Tuesday, April 27, 2021

LIRR to Test Electric Railcars on Oyster Bay Branch; LIRR Conductor Reunites Customer With $107K Worth of Missing Jewelry Left on Train

By N Miller

OYSTER BAY, NY-MTA Long Island Rail Road President Phillip Eng on April 19th that the LIRR has entered into an agreement with Alstom to test batteries that could enable electric railcars to travel on the railroad’s diesel branches. Upon successful completion of an eight-month initial analysis, technicians will retrofit a two car-long electric train to operate on battery power without passengers on the Oyster Bay Branch. While on electric portions of the route, the train would run on third rail power and charge the batteries, then switch to battery power for the unelectrified segment between East Williston and Oyster Bay. If successful, the LIRR would ultimately be able to carry passengers directly between Oyster Bay and the railroad’s terminals in New York City without the need for a transfer, and that technology could expand to the rest of the railroad’s diesel branches.

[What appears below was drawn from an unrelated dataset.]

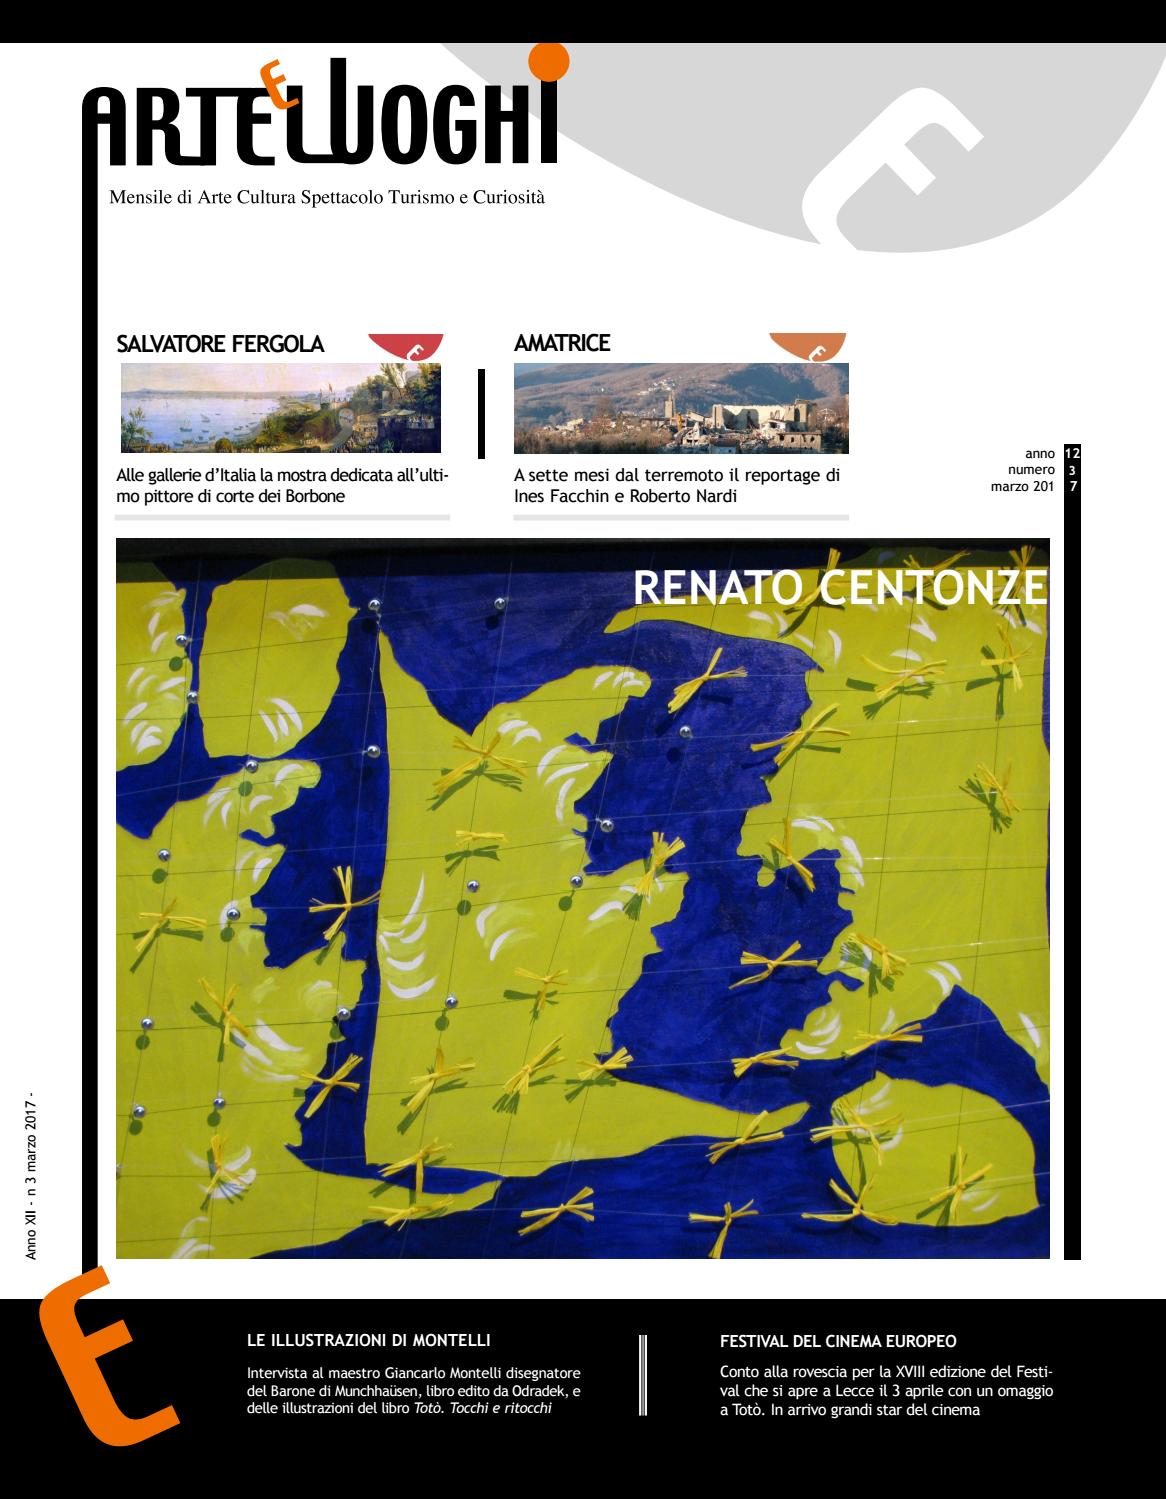 Arte e luoghi marzo2017 by arteeluoghi - issuu 1b985d6aa70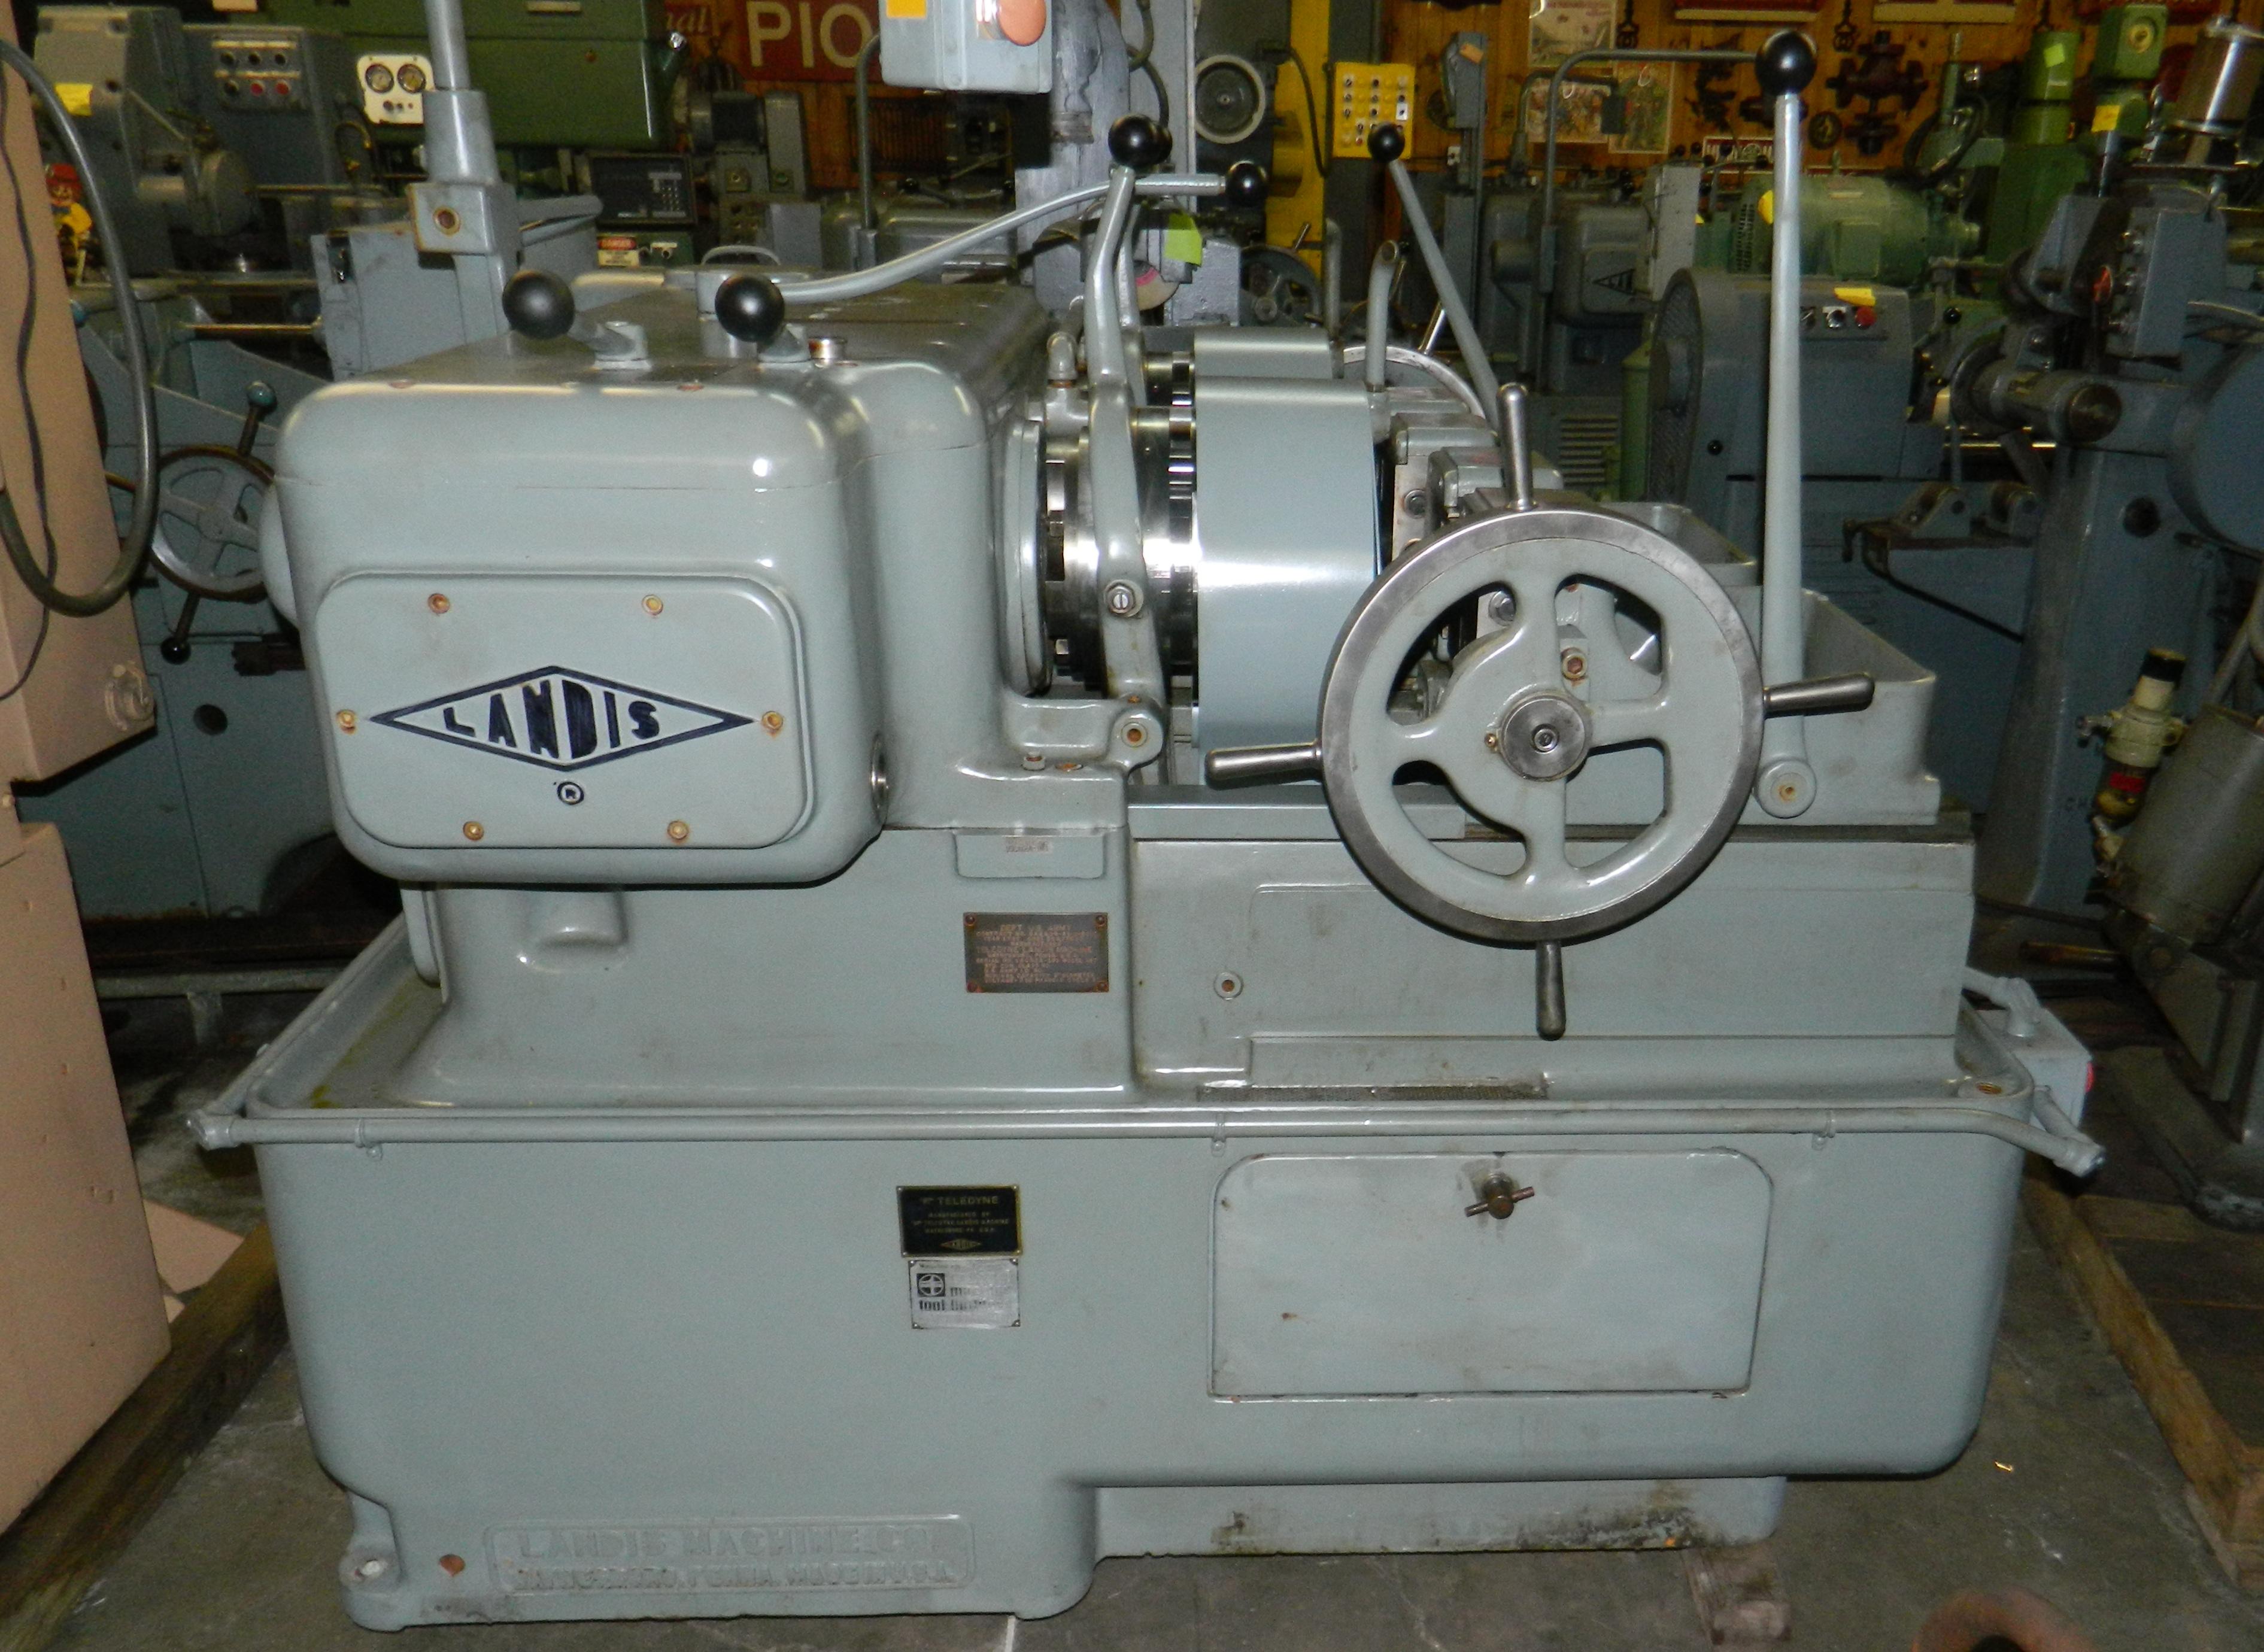 Landis Threading Machine For Sale

As part of the initial assessment, technicians will investigate whether and where recharging stations might need to be built along the route and along other branches. Recharging would take place in yards when trains are out of service, and, if necessary while in-service, during existing station stops that would not be delayed by recharging. The Oyster Bay Branch was chosen as the pilot branch due to its short, 13-mile trip.  Other non-electrified branches would be tested in the future, as well as the feasibility of the battery technology and the ability to retrofit existing trains.

This appears to be the first test of battery-powered commuter rail cars in North America, and if successful could be deployed anywhere diesel commuter trains operate on the LIRR or Metro-North Railroad. If batteries succeed on the LIRR as they have for light rail in Europe and Asia, the use of battery-powered railcars promises over the long term eliminate the need for transfers to a separate diesel fleet to reach the railroad’s expansive unelectrified regions extending 160 miles from East Williston to Oyster Bay, Huntington to Port Jefferson, Babylon to Montauk and Ronkonkoma to Greenport. Battery-electric cars could open the possibility that in years and decades ahead, the railroad could entirely replace the noisy, carbon-emitting diesel fleet with quiet, reliable, zero-emission electric cars offering seamless transfer-free travel across the railroad.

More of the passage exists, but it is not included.